Which lines of the entries hold the string "dans"? Copy each one.

=== Section Start ===

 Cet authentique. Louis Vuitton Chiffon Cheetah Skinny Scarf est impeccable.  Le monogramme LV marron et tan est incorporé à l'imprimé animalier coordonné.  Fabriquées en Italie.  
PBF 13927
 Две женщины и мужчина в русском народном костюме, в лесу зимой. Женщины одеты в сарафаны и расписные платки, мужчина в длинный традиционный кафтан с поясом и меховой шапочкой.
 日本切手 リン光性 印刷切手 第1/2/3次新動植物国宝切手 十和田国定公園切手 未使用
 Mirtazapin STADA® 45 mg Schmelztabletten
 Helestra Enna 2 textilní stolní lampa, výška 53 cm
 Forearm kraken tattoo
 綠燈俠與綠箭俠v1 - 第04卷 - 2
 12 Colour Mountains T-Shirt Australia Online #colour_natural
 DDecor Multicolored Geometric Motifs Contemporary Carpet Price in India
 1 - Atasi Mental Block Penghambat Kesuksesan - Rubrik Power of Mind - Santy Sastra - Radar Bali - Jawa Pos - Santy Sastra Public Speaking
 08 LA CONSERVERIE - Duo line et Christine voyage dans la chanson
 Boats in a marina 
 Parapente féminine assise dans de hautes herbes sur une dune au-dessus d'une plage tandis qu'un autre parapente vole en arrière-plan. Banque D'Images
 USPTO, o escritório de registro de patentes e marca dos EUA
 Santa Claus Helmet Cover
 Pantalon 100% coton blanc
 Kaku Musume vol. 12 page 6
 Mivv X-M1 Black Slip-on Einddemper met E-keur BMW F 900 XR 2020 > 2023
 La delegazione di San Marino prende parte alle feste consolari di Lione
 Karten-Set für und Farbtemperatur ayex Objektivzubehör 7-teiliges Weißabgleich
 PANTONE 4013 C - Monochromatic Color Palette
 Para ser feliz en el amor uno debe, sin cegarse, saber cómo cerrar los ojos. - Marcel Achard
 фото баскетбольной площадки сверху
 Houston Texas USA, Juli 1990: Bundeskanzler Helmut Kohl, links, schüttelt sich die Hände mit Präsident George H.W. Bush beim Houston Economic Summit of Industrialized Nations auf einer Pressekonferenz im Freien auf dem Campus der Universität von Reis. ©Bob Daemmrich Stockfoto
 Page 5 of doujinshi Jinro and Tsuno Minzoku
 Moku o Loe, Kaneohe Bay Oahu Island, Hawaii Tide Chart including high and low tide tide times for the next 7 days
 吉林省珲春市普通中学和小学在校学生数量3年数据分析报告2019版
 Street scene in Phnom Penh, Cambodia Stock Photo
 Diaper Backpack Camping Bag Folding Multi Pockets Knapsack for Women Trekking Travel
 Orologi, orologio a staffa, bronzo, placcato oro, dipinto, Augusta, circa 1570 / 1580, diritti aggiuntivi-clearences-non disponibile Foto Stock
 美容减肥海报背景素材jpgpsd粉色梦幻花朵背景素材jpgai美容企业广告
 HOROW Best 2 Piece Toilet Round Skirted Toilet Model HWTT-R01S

=== Section End ===

Solution:
 08 LA CONSERVERIE - Duo line et Christine voyage dans la chanson
 Parapente féminine assise dans de hautes herbes sur une dune au-dessus d'une plage tandis qu'un autre parapente vole en arrière-plan. Banque D'Images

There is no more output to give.